Members of the TNF superfamily such as TNF-α and Fas ligand (FasL) play important roles in development of autoimmune diseases [7]. Neutralization of TNF-α promotes G-EAT resolution and decreases fibrosis, suggesting that TNF-α is anti-inflammatory in G-EAT [8]. In contrast, neutralization of FasL inhibits G-EAT resolution and G-EAT resolution is delayed in FasL-deficient gld (generalized lymphoproliferative disorder) mice, suggesting that FasL is anti-inflammatory in G-EAT [9]. TNF-related apoptosis-inducing ligand (TRAIL) is a type II membrane protein belonging to the TNF superfamily [10]. TRAIL and its receptor, death receptor 5 (DR5), are constitutively expressed in various tissues [11,12] and upregulated upon cell activation [13]. TRAIL induces apoptosis by interacting with DR5 and this signal is propagated through caspase-8 and caspase-3 [10,11]. The anti-apoptotic molecule FLIP (Fas-associated death domain-like IL (interleukin)-1β-converting enzyme inhibitory protein) inhibits death receptor-mediated apoptosis by blocking activation of caspase-8 [11,14,15]. FLIP is an important inhibitor of the initial upstream steps of death receptor-mediated apoptosis (11,14). Bcl-xL, an important anti-apoptotic molecule belonging to the Bcl-2 family, inhibits apoptosis by regulating mitochondrial membrane potential and cytochrome c release [16]. Although TRAIL does not induce apoptosis of most normal cells [17], TRAIL has been shown to inhibit collagen induced arthritis and experimental autoimmune encephalomyelitis [18,19]. A recent study showed that exogenous recombinant TRAIL inhibits development of EAT in naïve mice [20], but it is not clear whether endogenous TRAIL is required for development and/or resolution of G-EAT. Here we define the role of endogenous TRAIL in autoimmune thyroiditis and ask whether endogenous TRAIL is required for development and/or resolution of G-EAT.
Materials and Methods
Mice
CBA/J mice were generated in our breeding colony at the University of Missouri. CBA/J FLIP transgenic mice used for thyroid epithelial cells (TEC) culture were described previously [14,15]. All mice were bred and maintained in accordance with University of Missouri institutional guidelines for animal care.
G-EAT induction
CBA/J donors were injected i.v. twice at 10-day intervals with 150 µg MTG and 15 µg LPS (Sigma) [1]. Seven days later, donor splenocytes were activated in vitro with 25 µg/ml MTG and 5 ng/ml IL-12 (Peprotech) [3]. Cells were harvested after 72 h and 3 × 107 cells were transferred i.v. to 500-Rad irradiated syngeneic recipients. Recipient thyroids were evaluated 20 (peak of disease), or 60 days after cell transfer [3].
Neutralization of TRAIL
The hybridoma producing neutralizing rat anti-mouse TRAIL mAb (N2B2) was described previously [21]. TRAIL mAb was purified from culture supernatant using protein G-Sepharose. Recipients were given 0.3 mg TRAIL mAb or normal rat IgG (Jackson ImmunoResearch) i. p. the day after cell transfer and every 5–7 days until termination of the experiment.
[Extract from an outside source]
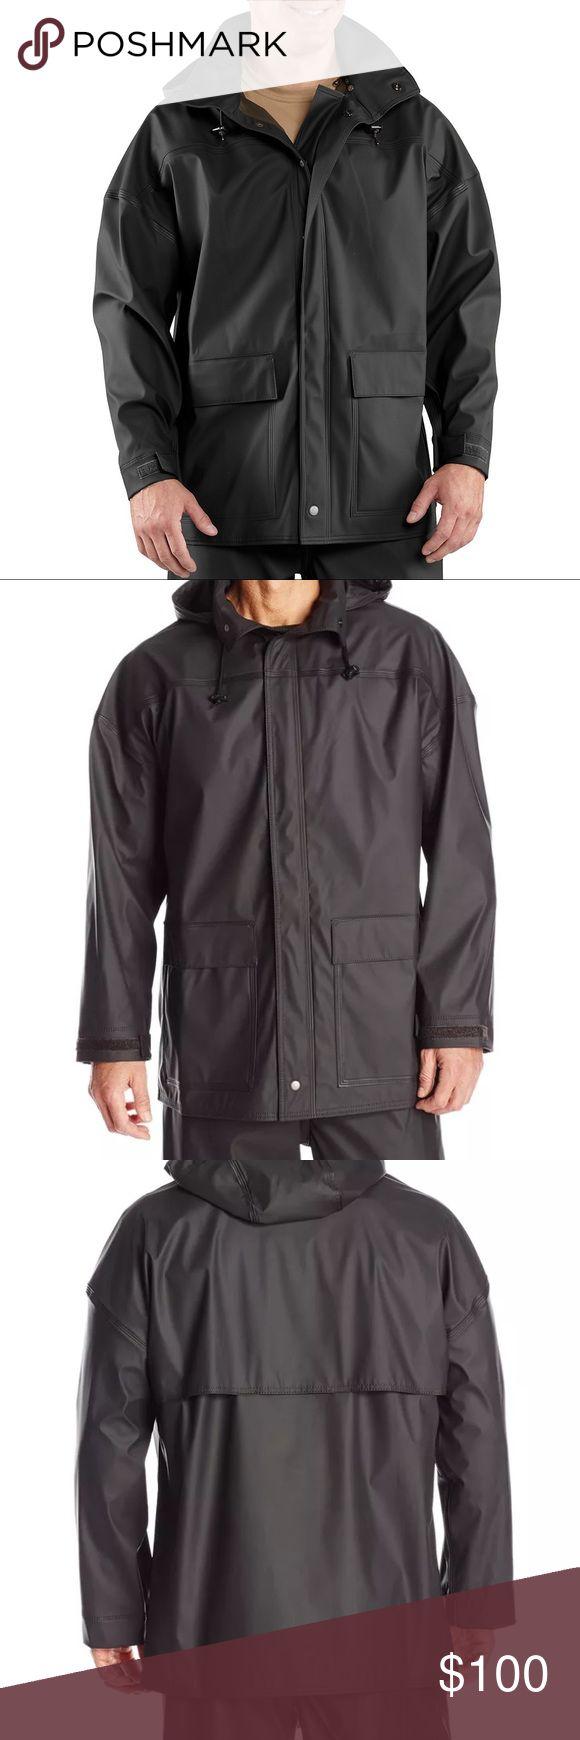 Carhartt Mens Medford Waterproof black rain jacket Brand new with tags large Carhartt Jackets & Coats Raincoats

Evaluation of G-EAT histopathology and fibrosis and Immunohistochemistry
(see Supplementary materials)
RT-PCR
Individual thyroid lobes were homogenized in TRIzol (Invitrogen). RNA was extracted, reverse transcribed and cDNA was amplified as previously described in detail [14]. Most primers used in this study have been described previously [14,15,22]. The primers for TRAIL are: sense: 5’-TCACCAACGAGATGAAGCAGC-3’, antisense: 5’- CTCACCTTGTCCTTTGAGACC-3’, and for DR5 are: sense: 5’-GTACCAAATGCTG CTCAAGTGG-3’, antisense: 5’-GTAAACCTCCCGGATTTCACTG-3’.
Confocal laser scanning double-immunofluorescence microscopy
Apoptosis was detected using an in situ cell death kit (Roche) [15] (For details see Supplementary materials).
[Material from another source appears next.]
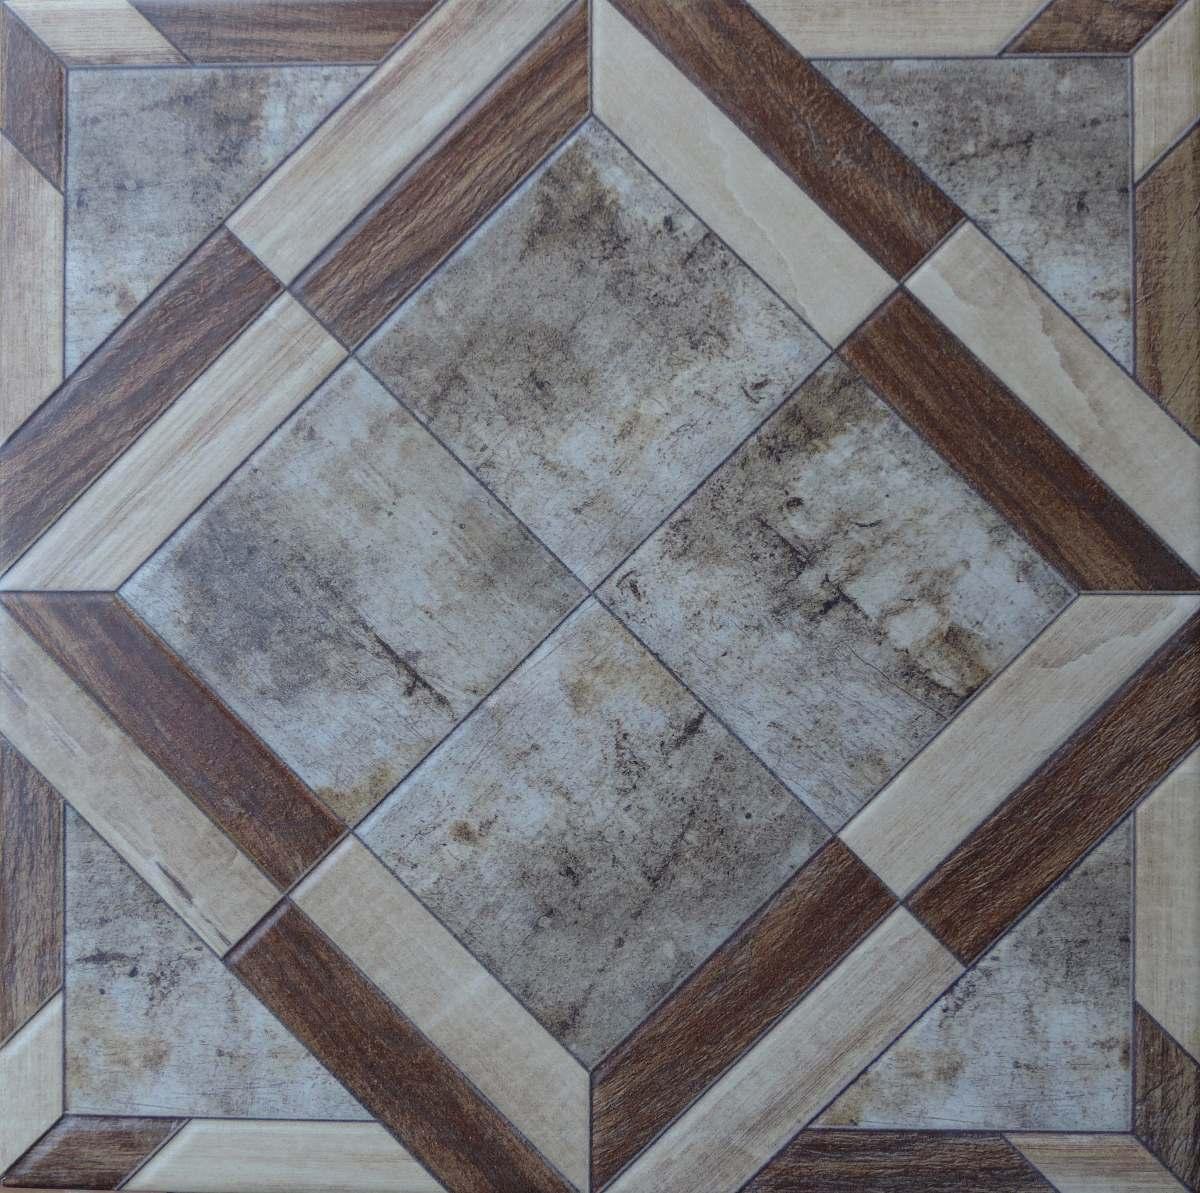 Ceramica piso interior calidad primera ceramicasuy for Donde buscar piso

Isolation of infiltrating inflammatory cells from thyroids
Isolation of thyroid-infiltrating inflammatory cells was performed using phycoerythrin (PE) labeled anti-CD45 mAb (eBioscience) and a positive selection EasySep PE selection kit (Stem Cell Technologies) [14]. TRIzol (Invitrogen) was used to extract RNA from the isolated inflammatory cells and the unbound fraction (mainly TEC) for RT-PCR analysis. Keratin primers were used to assess the extent of contamination of inflammatory cell fractions by TEC and CD4 and CD8 primers were used to assess inflammatory cells. Primers for CD4 and CD8 were described previously [14]. Primer sequences for keratin are: sense: 5’- CATGCAAGAGCTCAGAAAGGTC-3’, antisense: 5’-CCTCTTGGTACTTCTGAGGC AAC-3’.
Culture of primary TEC
Mouse primary TEC cultures were generated using conditions previously described by ourselves [22,23] and others [24] (For details see Supplementary materials).
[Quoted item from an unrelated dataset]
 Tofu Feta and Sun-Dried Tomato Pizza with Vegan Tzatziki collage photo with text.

Cytokine and TRAIL treatment of cultured TEC
60–70% confluent TEC were cultured for 4 d with 50 IU/ml IL-1β (eBioscience) and 50 IU/ml TNF-α (eBioscience) in the presence or absence of recombinant mouse IL-10 (0–20 ng/ml, Peprotech). Cells were then treated overnight with 0.8 µg/ml recombinant mouse TRAIL (eBioscience) [22,23,25,26].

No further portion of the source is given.